JAMES Anderson, manager of Baillie Gifford's £2.4 billion Scottish Mortgage Investment Trust, has said most British companies have been ruined by pay policies that encouraged short-term thinking.

Scottish Mortgage is a major backer of technology companies, with stakes in the likes of American giants Amazon, Facebook, Google and Apple.

Mr Anderson, based in Edinburgh, is particularly keen on those managed by their founders who retain an interest in their product development. But he has invested closer to home, with one exception being Glasgow-based temporary power company Aggreko, which is benefiting from growth in emerging markets.

He said: "There are few British companies that have not been ruined by the remuneration structures that were set up for them in the past few decades."

Baillie Gifford's 100-strong investment team is a major force in Scottish fund management but Mr Anderson is highly critical of the industry at large.

"Most of what goes on in fund management is really rather stupid," he told an audience at the London Stock Exchange. "I see no evidence that the financial services industry is able to become long-term in its thought processes."

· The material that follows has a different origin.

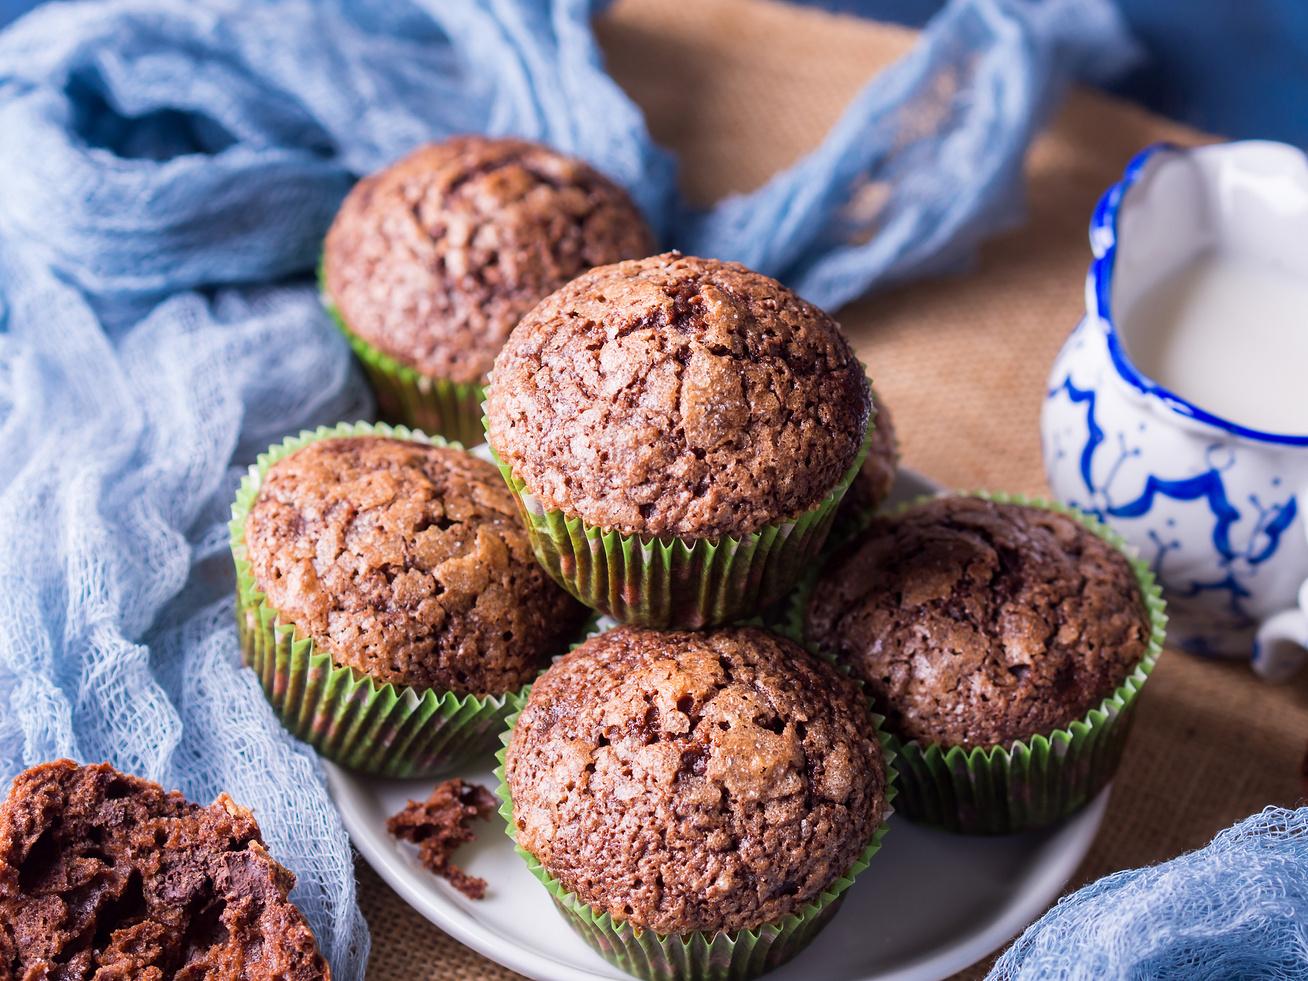 csokis-gesztenyes-muffin

He was particularly damning of those listed on the stock exchange.

Mr Anderson said the domestic investment industry is too focused on information from sources in the UK and US. "Why would anybody believe what anybody in London says about Europe? They have been consistently wrong about it for 70 years, if not the last 700 years. Why not ask some Germans?"

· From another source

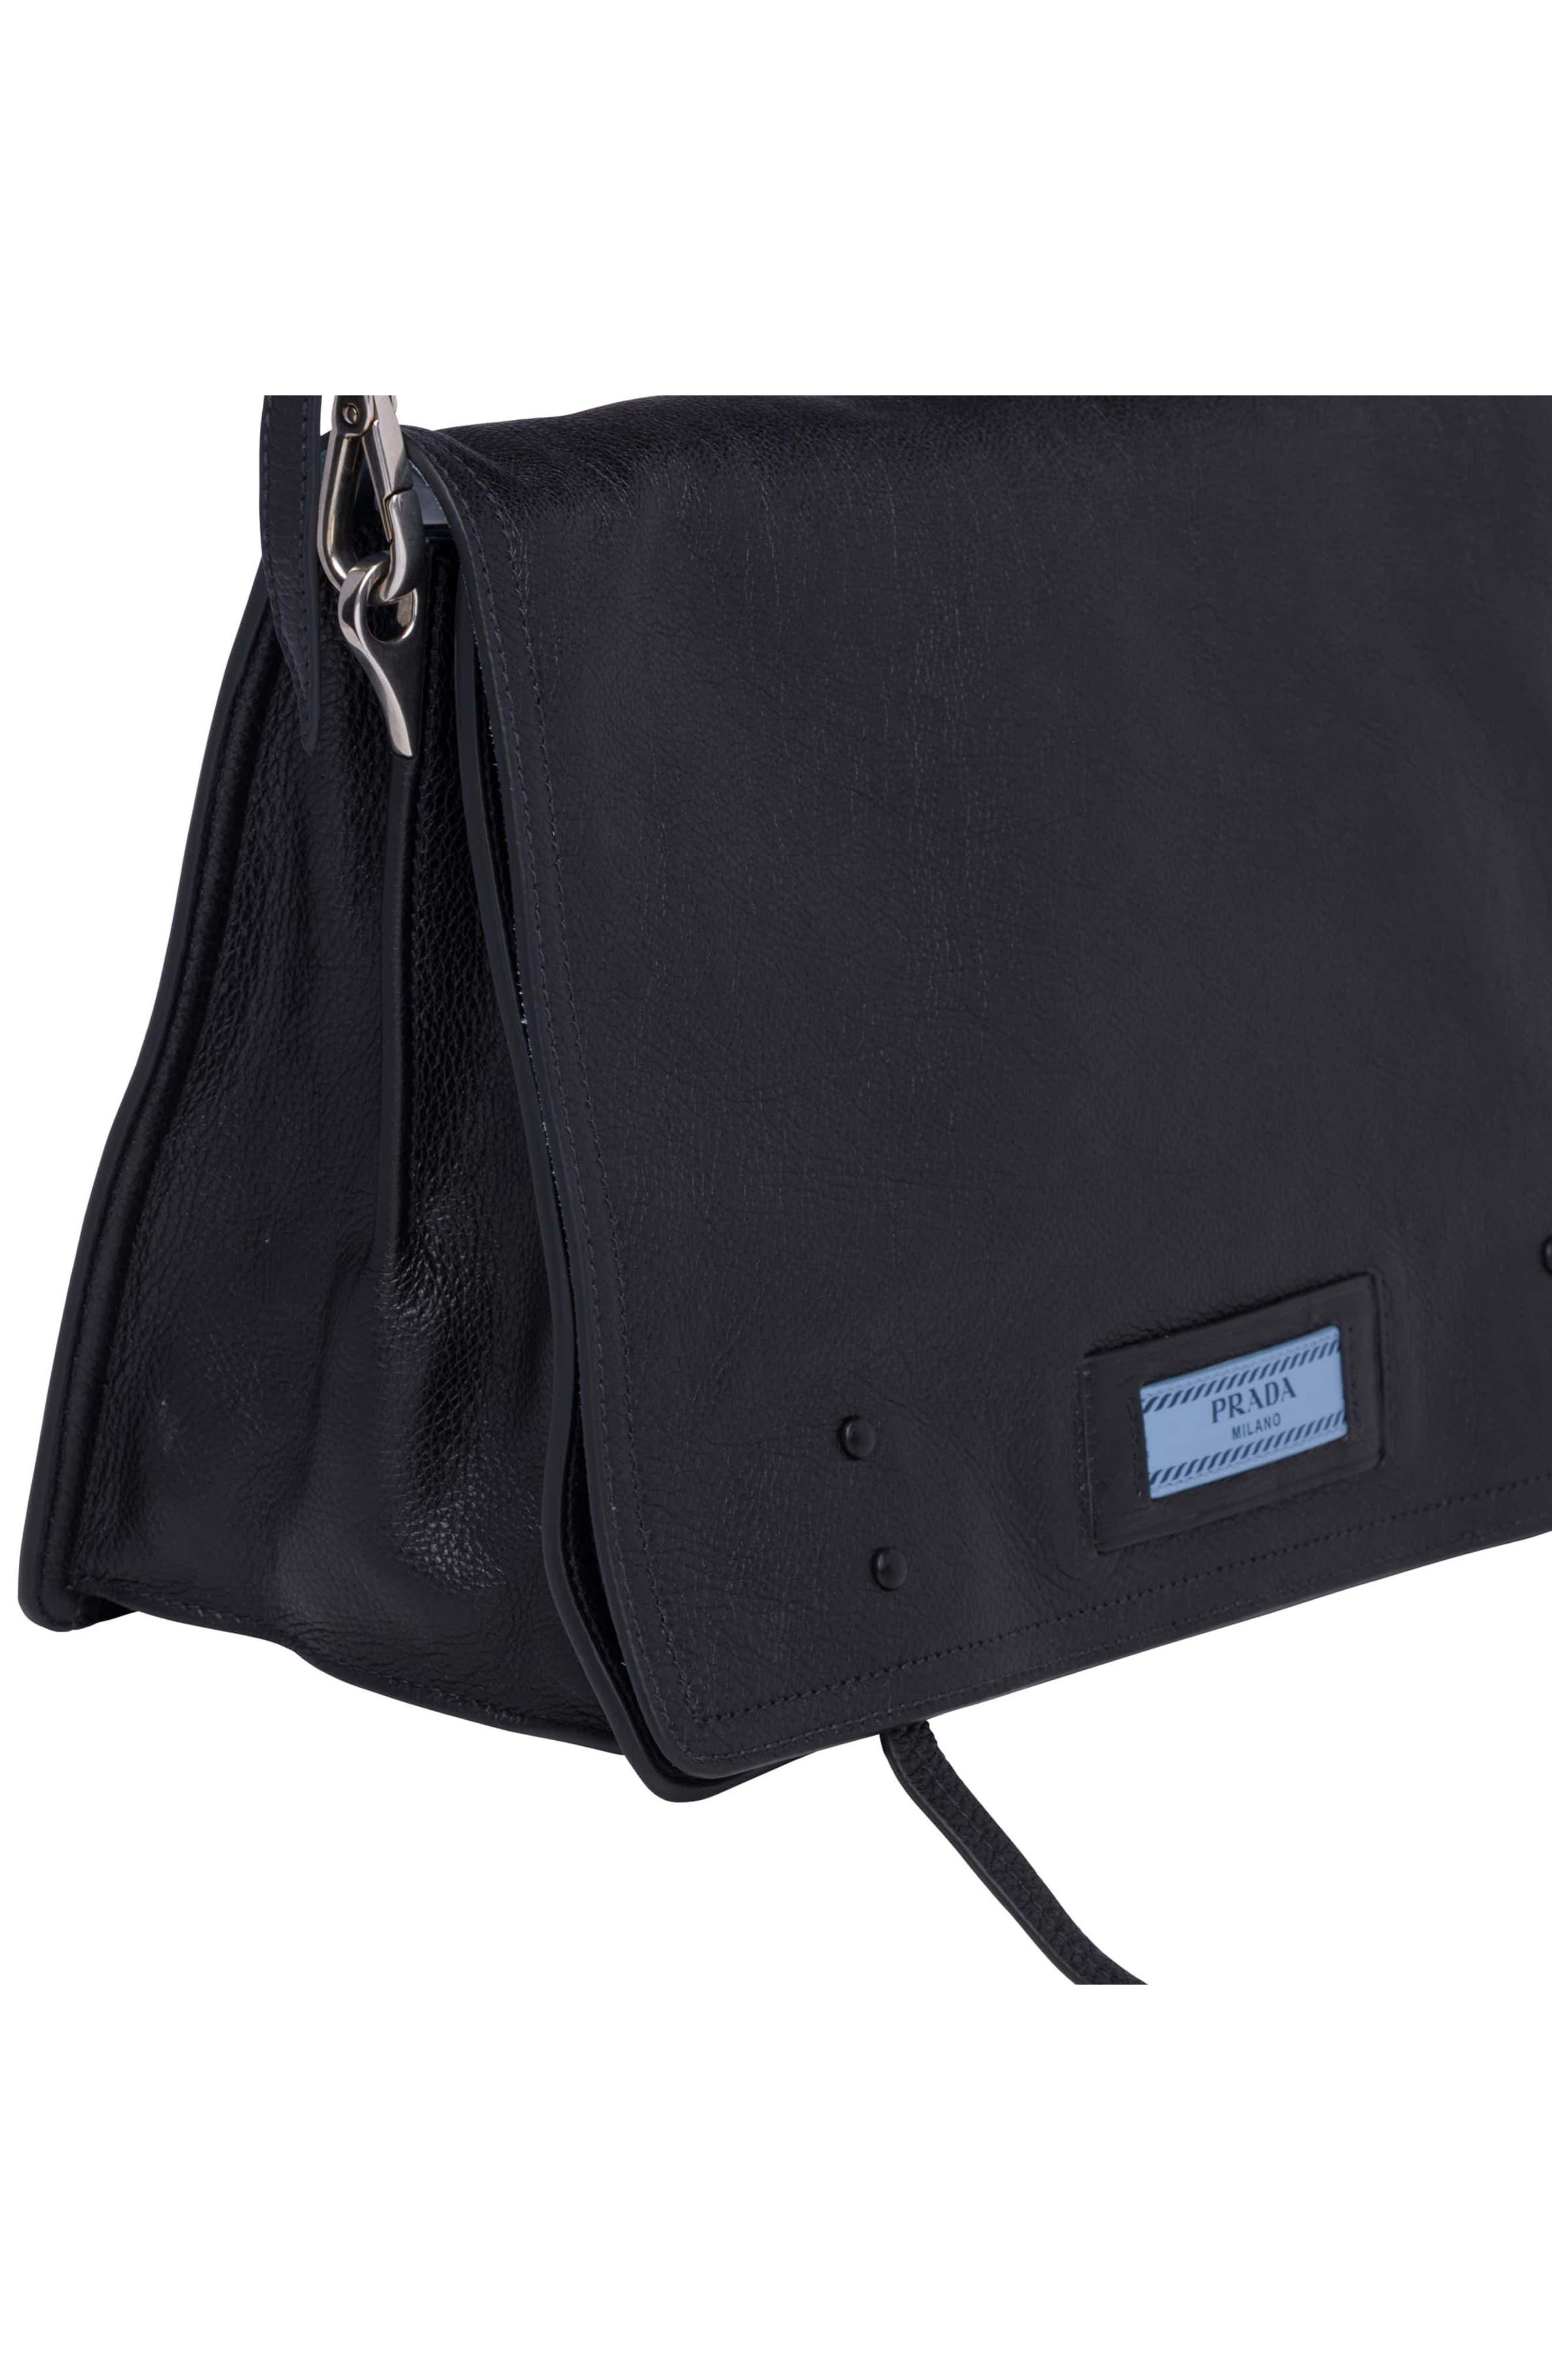 Cahier Glace Messenger Bag,                             Alternate thumbnail 5, color,

He said he expected the investment scene to be dominated by a few companies with highly destructive models in the way that Amazon has put pressure on the likes of camera store Jessops and entertainment retailer HMV, both of which have entered administration in recent days.

Mr Anderson also said he would not retire until shares in the trust trade at a premium to the value of the underlying portfolio. It is currently on a discount of around 6.5%, according to the Association of Investment Companies.